Whatever the thickness of the barrier (or the horizontal cmpt of velocity), the marble has 4 seconds when it can clear that height.

Thanks for the comment - I'm just very sensitive (low "gremlin threshold"!) to question wording that (to quote you) "might not seem clearly stated". Students of mine really do put in intensive effort and it's very galling when they get poor marks on assessments because they haven't been able to decipher the wording. A critical component of tuition (to my mind) is getting students into a place where they do well on their assessments, get positive reinforcement, are further motivated etc. That's why I think there's a big responsibility on assessors and they need to think past setting "creative" questions which might win them accolades at assessment conferences but don't help struggling students much.

 

[kuruman]

One thing I used to tell my students is that about 50% of their score on a test depends on their frame of mind. A lot of them are scared of physics and their fear gets in the way of their performance. I reassure anyone who expresses such a fear that nothing "horrible" will happen to them during the test. Then I point out that, statistically, a higher percentage of the student population are injured or even die in car accidents than during physics tests, yet all students fearlessly and routinely get in cars and drive away without a moment's thought. I know I have hit the target when the response is something like "Oh, I never thought of it that way."
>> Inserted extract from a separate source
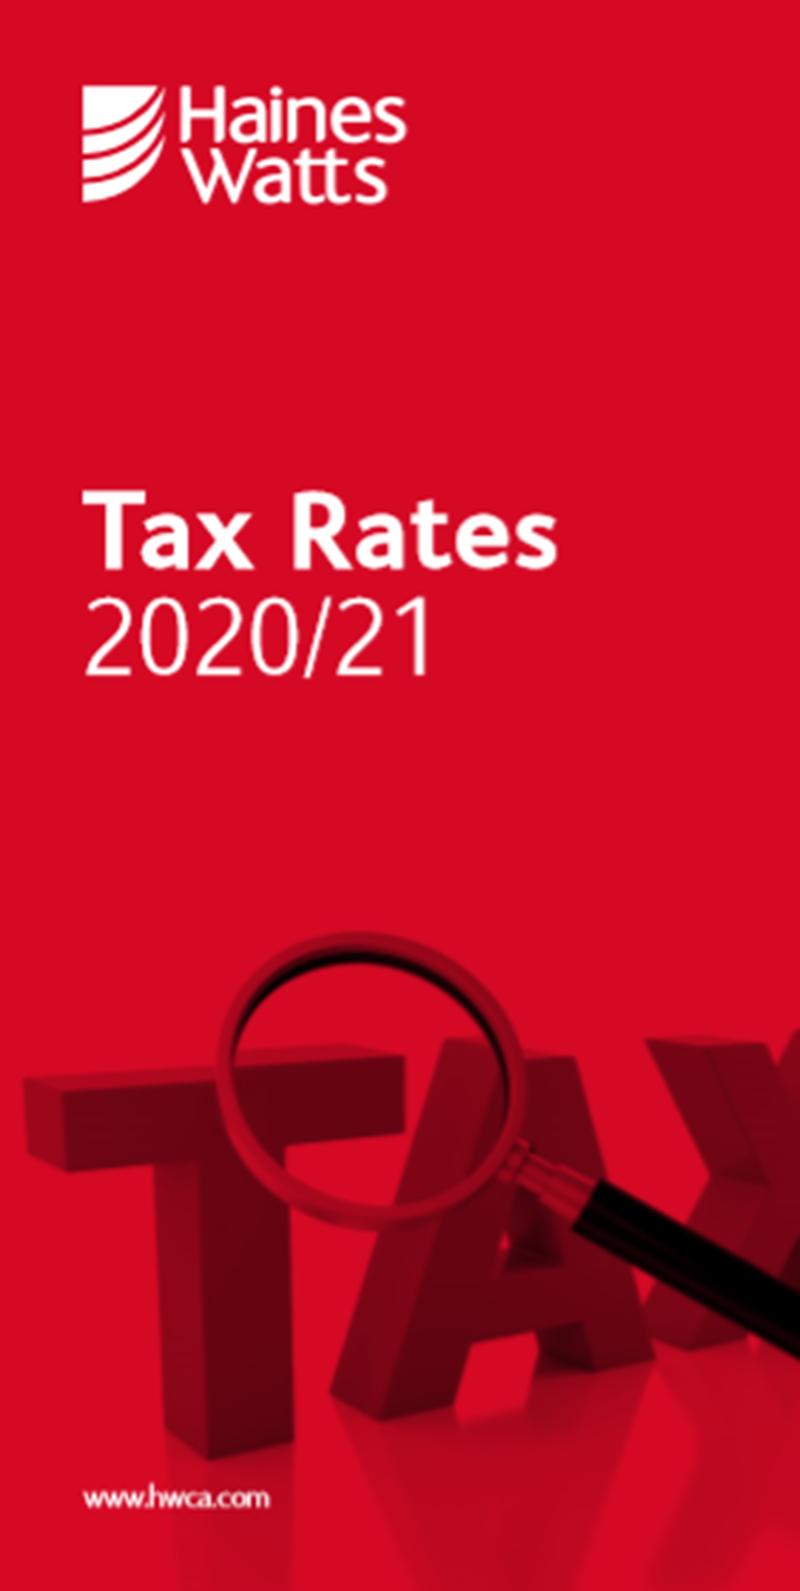 Tax Rates 2020/21

Part of the job is to allay these fears and build the self-confidence that students need to start believing that they can solve anything you might throw at their faces. They achieve that enhanced state of awareness by doing physics problems rather than by reading someone else's solution, That aligns very well with the PF Homework Helpers' principal principle not to give answers away.